If you were to ask Batesies why they chose Bates, a lot of them will say the same thing: community. Bates prides itself on its diversity and close knit community, yet people want to remove it, with some students wanting Bates to have an athlete-only dining hall. I think that doing so would be a grave mistake.
Approximately 40% of Bates students are competing as varsity athletes (Bates College, 2017), with even more students participating in club or intramural sports. Most student athletes do everything with their teams; they work out together, they practice together, they party together and they sit together at Commons. Student athletes are virtually sequestered from the ‘NARPS’ (Non-Athletic Regular Persons), or simply put, the other 60% of the student body.

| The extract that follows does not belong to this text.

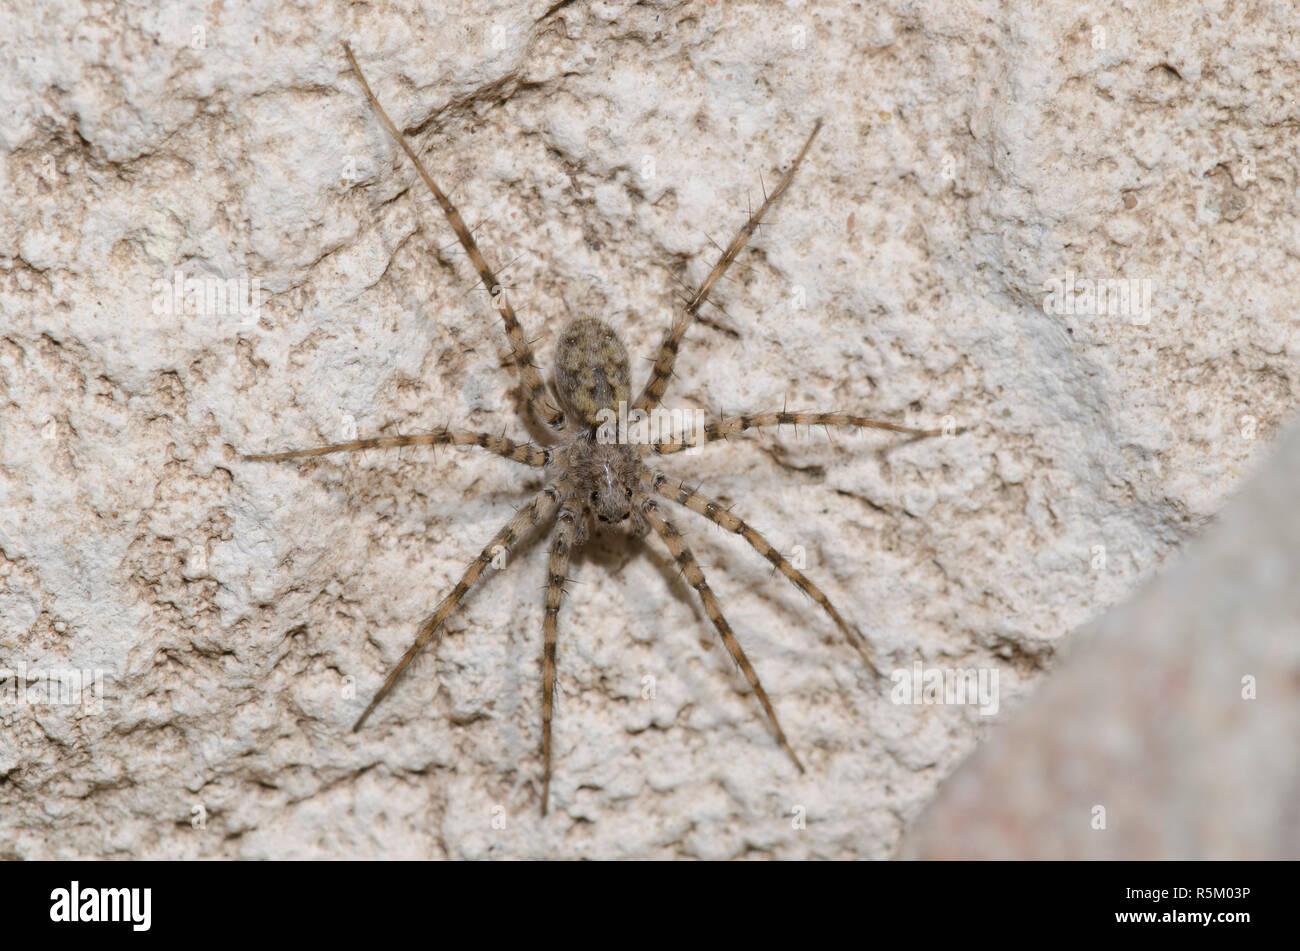 Thinlegged Wolf Spider, Pardosa sp. Stockfoto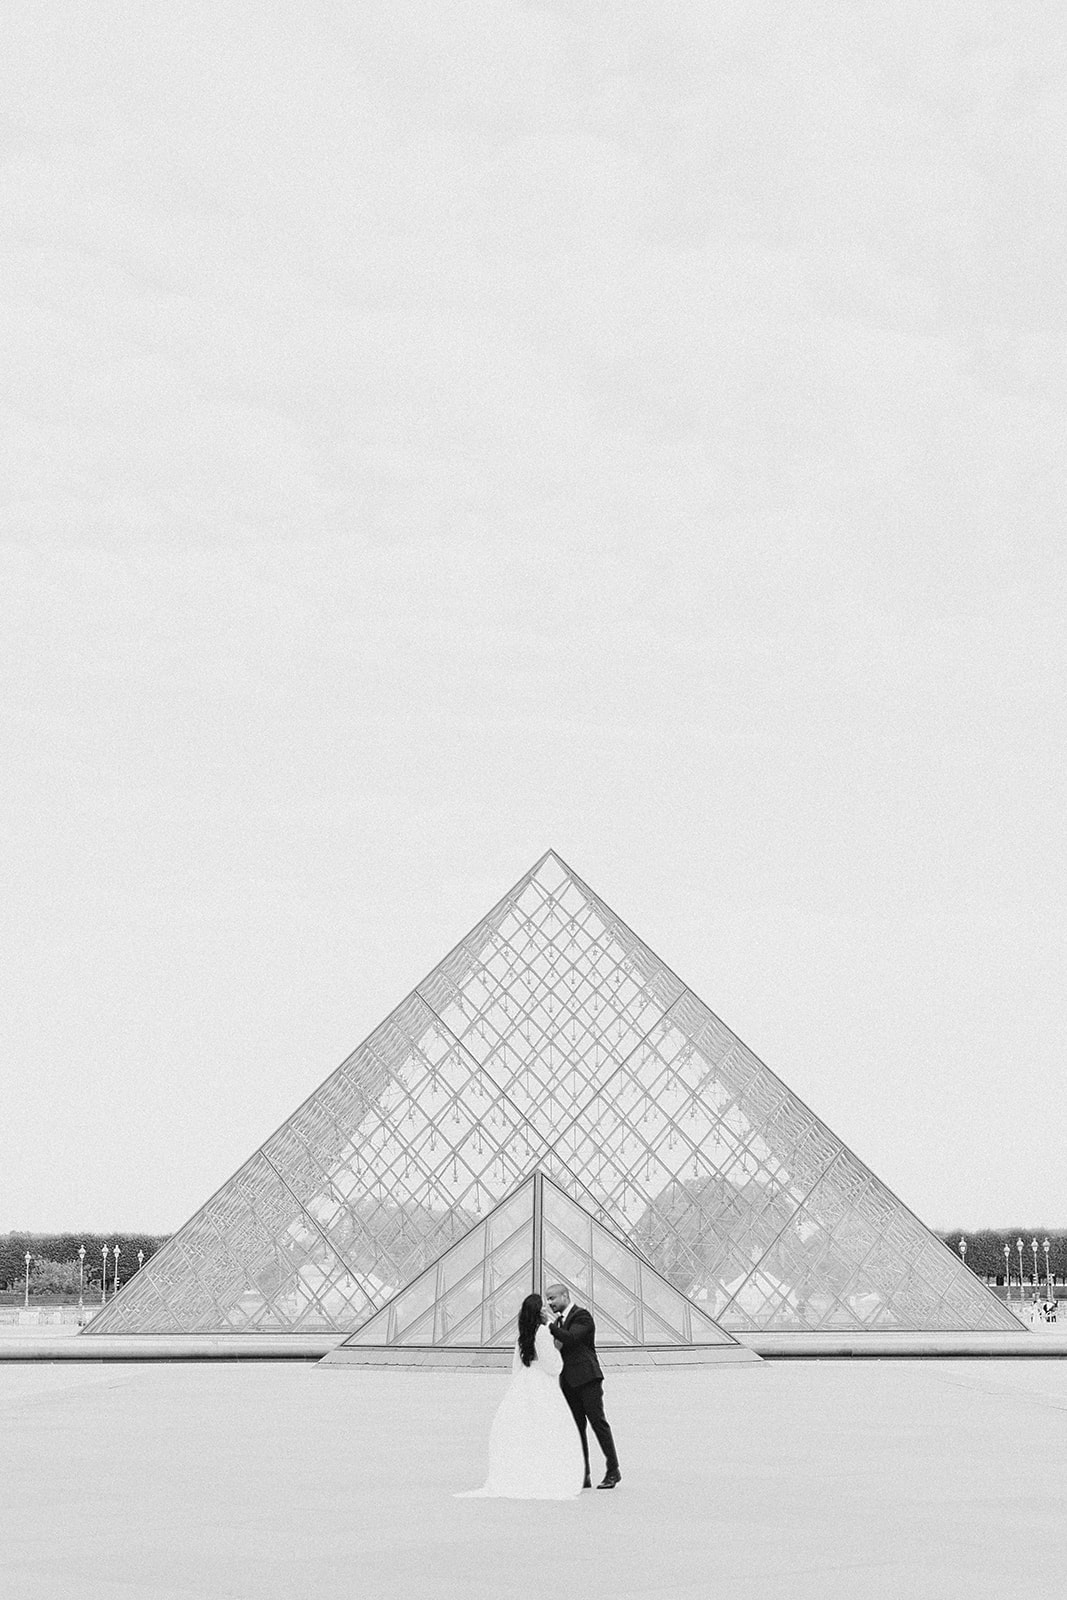 The Louvre Paris Engagement photos | Chernogorov Photography Destination Wedding Photographers

Commons is an important part of the Bates experience. If you were to go on a tour of Bates, a talking point you would hear is that Commons is the only dining hall on campus. Meaning everyone eats there; faculty, the debate team, the sailing team, the radio and yes, even the athletes. This is not done by accident, it’s done to help foster the community that exists naturally because of Bates’ size.
Now, putting aside how I might feel about a separate dining hall socially, let’s think about it rationally. A separate dining hall would be costly and environmentally damaging.
Food waste is one of the worst problems contributing to environmental degradation. Bates hit carbon neutrality in 2019, with the Commons dining program being a contributing factor to that sustainability with a waste diversion rate of over 80%. While this could still be achieved with a second dining hall, it would be much harder.
Building and sustaining another dining hall would also be extremely expensive. Building Commons in 2008 cost Bates College $24 million to build (PUPN, 2015). Adjusted for inflation, that would be approximately $35,090,565.39 in 2024.
Bates Dining Services also employees about 90 people, a number that would have to double to sustain another dining hall. Aside from double the amount of people to pay, there is also double the amount of food to buy to fill both dining halls.
An athlete-only dining hall could be summed up in one word: ineffective. Commons is cost effective, environmentally effective and socially effective. Commons helps promote the Bates “community-minded ethos,” according to Christine Schwartz, assistant vice president of dining, conferences and campus events at Bates when she spoke to Private University Products and News in 2015. Why would we spend so much money, help in the destruction of our planet and lose a big part of Bates for a select group of 700 students?